This article originally appeared in the Summer 2024 Champion Issue of Showstopper Magazine.
For the first time, the Olympic Games will feature dance as a sport. While the modern Olympic games (not to be confused with the classical games of Ancient Greece) have been held for over a century, dance hasn’t been on the list of official Olympic sports in all that time. At the Summer 2024 Olympic Games in Paris, dance, specifically breaking, will make its Olympic debut.
What is Breaking?
Breaking is a type of hip hop dance that emerged in the Bronx, New York City in the 1970s. It was originally a style of street dance that gained popularity at block parties. While dancers may learn breaking and other hip hop styles like popping, locking, and isolation in studios today, b-boys (break boys) and b-girls (break girls) learned their moves on their own or at dance battles.
Why Breaking?
Breaking has always been a form of competitive dance! While formalized competitions didn’t hit the dance world until the 1990s, dance battles are a staple of breaking culture. Dancers gather to show off their abilities to move, improvise to songs, and perform tricks against an opponent with a crowd watching. With more than 50 years behind the style and the massive growth of hip hop both in formal dance studios and on social media, breaking as a competitive style fit the Olympic Committee’s goal to reach a younger audience with the Paris 2024 Olympic Games.
What Does Olympic Breaking Look Like?
In most breaking competitions, dancers compete in one-on-one duels where they show their ability to perform specific breaking skills in a set amount of time. At the Paris 2024 Olympic Games, two events, men’s and women’s will be held where 16 dancers face-off. “Athletes will use a combination of power moves—including windmills, the 6-step, and freezes,” the Olympics’ official breaking pages states, “as they adopt their style and improvise to the beat of the DJ’s tracks in a bid to secure the judges’ vote and take home the Olympic breaking medals.”
How to Qualify
Since breaking was first featured as a sport at the Summer Youth Olympic Games in Buenos Aires in 2018, talented dancers around the world have been gearing up for the Paris debut. To qualify for the Games, dancers must qualify at one of three events, the WDSF World Championship in Belgium (September 2023), the Continental Qualifiers—Africa (May 2023), Europe (June/July 2023), Asia (September/October 2023), The Americas (October/November 2023), and Oceania (October 2023)—or the Olympic Qualifier Series in Shanghai and Budapest (May/June 2024).
What Makes a Champion Breaker?
It’s not enough to have the moves. It’s what you do with them. According to NBC Olympics, the competition will take place in sections, first a round-robin then quarterfinals, semifinals, and final battles for the bronze, silver, and gold medals. “Each battle features a best-of-three one-on-one contest of approximately one minute.
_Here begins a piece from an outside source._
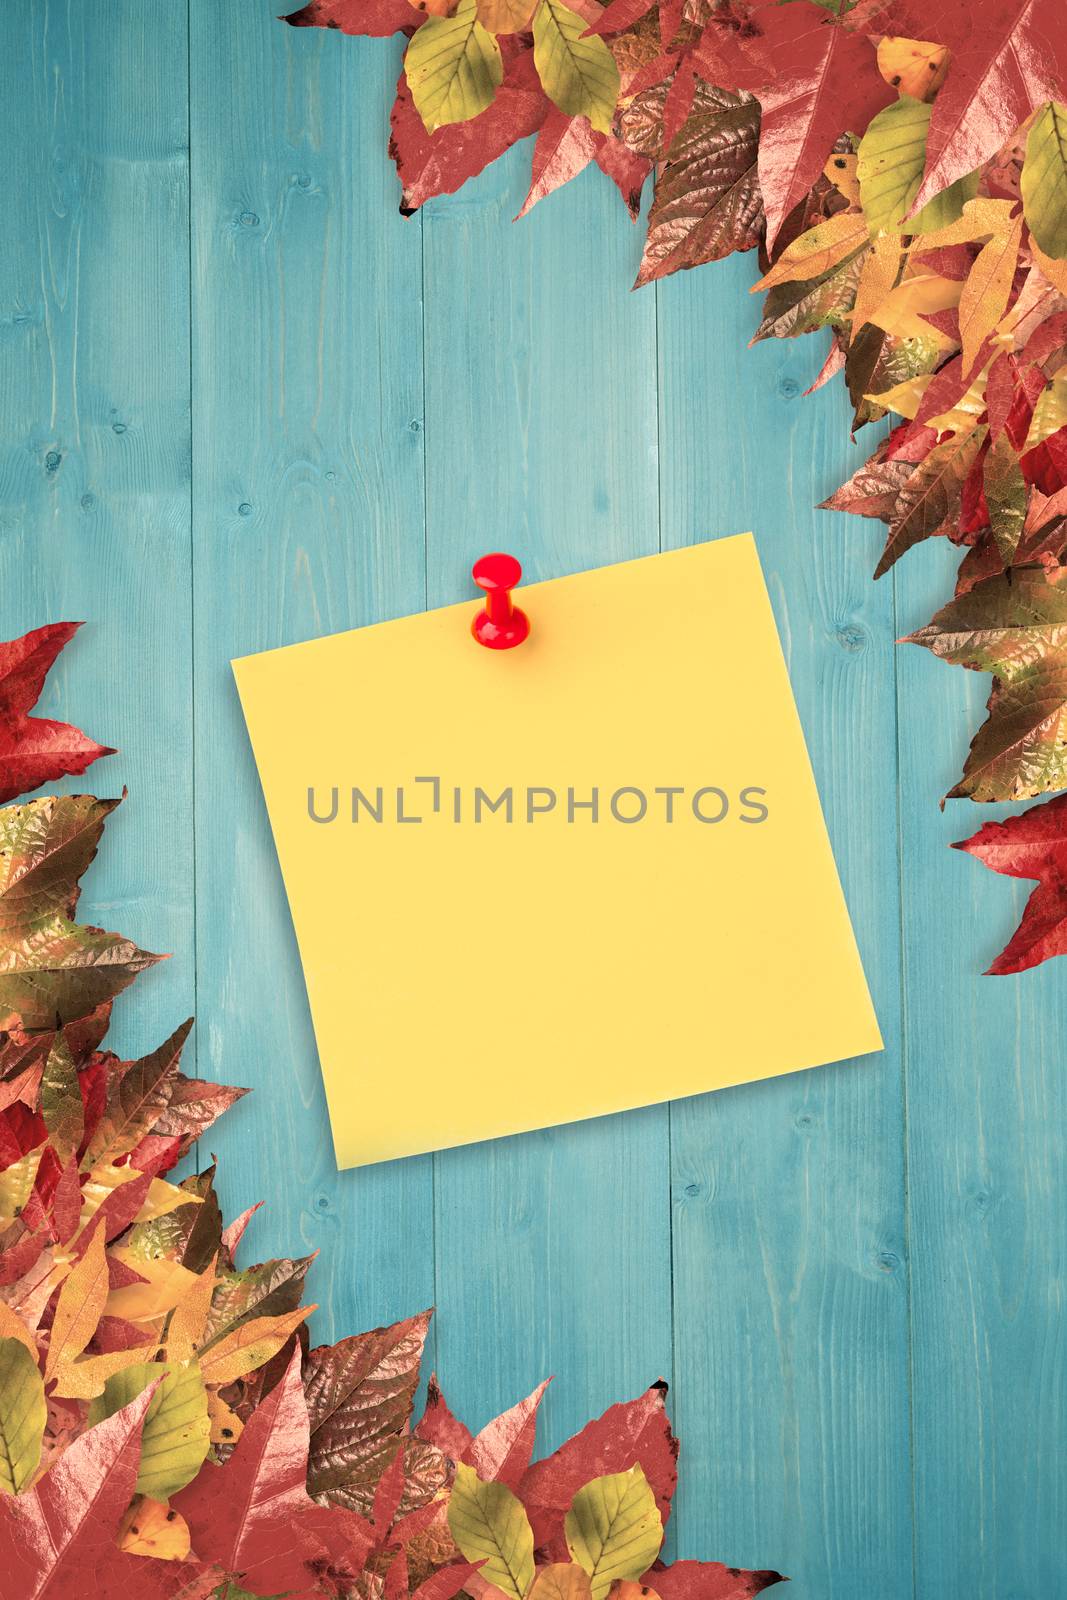 Illustrative image of pushpin on yellow paper  against autumn leaves pattern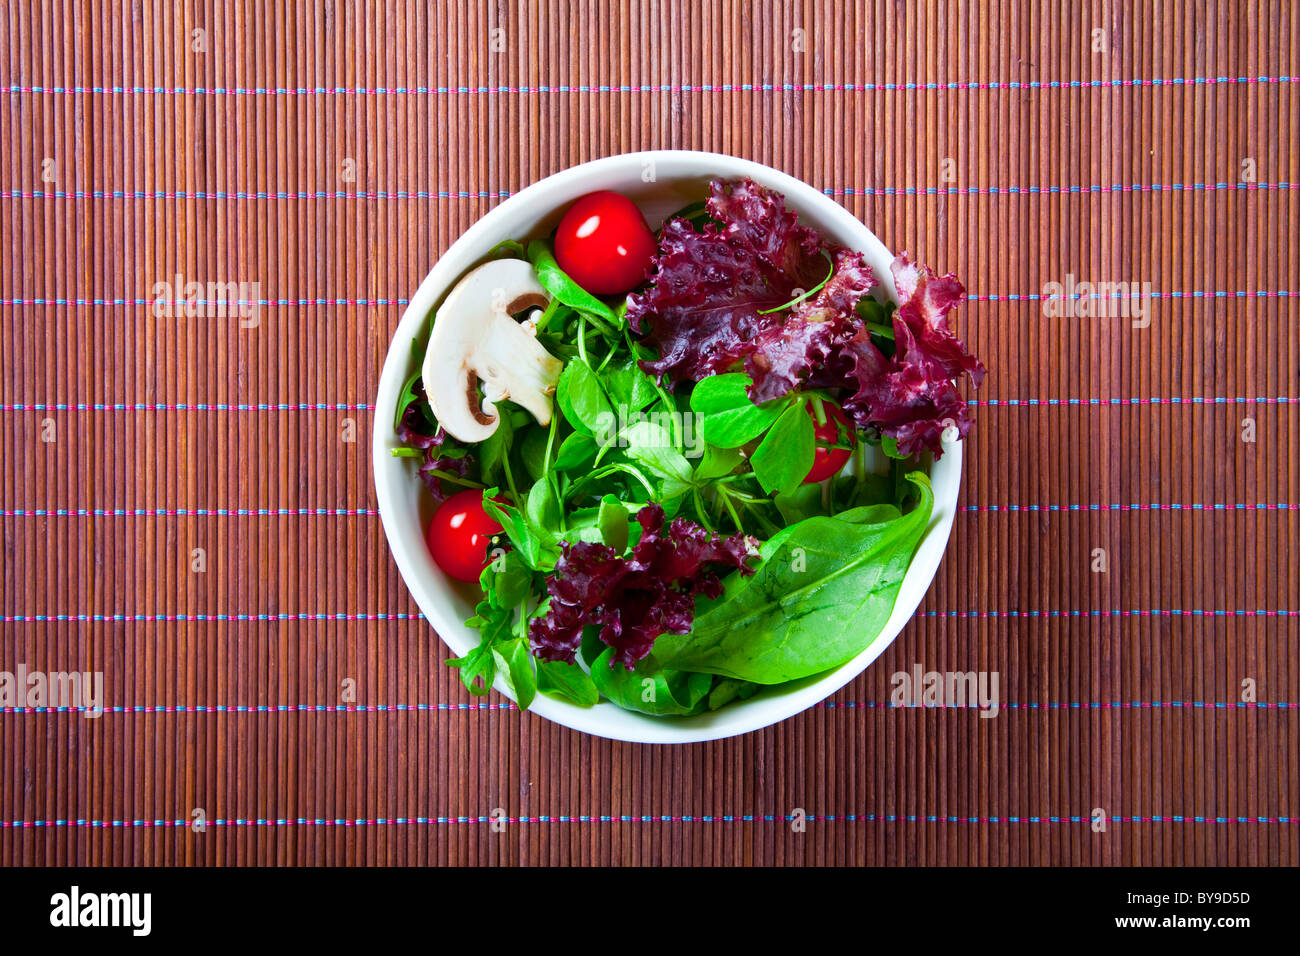 Fresh salad made with organic ingredients Stock Photo

When one breaker finishes their round, their opponent instantly begins their routine in a battle format.”
These rapid battles are judged on five criteria: technique, vocabulary, execution, musicality, and originality.
Technique… Just like any style of dance, there are correct ways to perform clean and controlled moves. Does a dancer have that control?
Vocabulary… Can the breaker perform a variety of “top rock” or standing moves and “down rock” or floor moves and freezes?
Execution… Related to technique, but scored separately, execution evaluates how clean and distinct each move is.
Musicality… In a freestyle competition, matching the beat and energy of a song is essential!
Originality… A breaker doesn’t just need to dance. They need to show who they are and their unique breaking style.
Meet Sunny Choi
One half of the Team USA breaking due is b-girl Sun “Sunny” Choi. Sunny trained in gymnastics from the age of 3 until she started college at the University of Pennsylvania. During her freshman year, she happened to meet the Penn breaking club, Freaks of the Beat, and on an impulse, decided to try breaking.
After she graduated, Sunny didn’t stop, and she wasn’t just breaking for fun. She started competing internationally, but despite being one of the top breakers in the United States, Sunny didn’t think she was bound for the Olympics. However, at the Pan American Games in Santiago, Chile in November 2023, Sunny won the gold and secured her spot in the Paris 2024 Olympic Games.
While breaking has already been replaced by flag football in the Los Angeles 2028 Olympic Games, Sunny thinks people will see its value as an Olympic sport once this year’s events start. “You feel the excitement, you feel the happiness or the anger or whatever emotion that the dancer is expressing in that moment,” she said of breaking in an interview with Time. “It’s so visceral and raw. I don’t think you get that anywhere else.”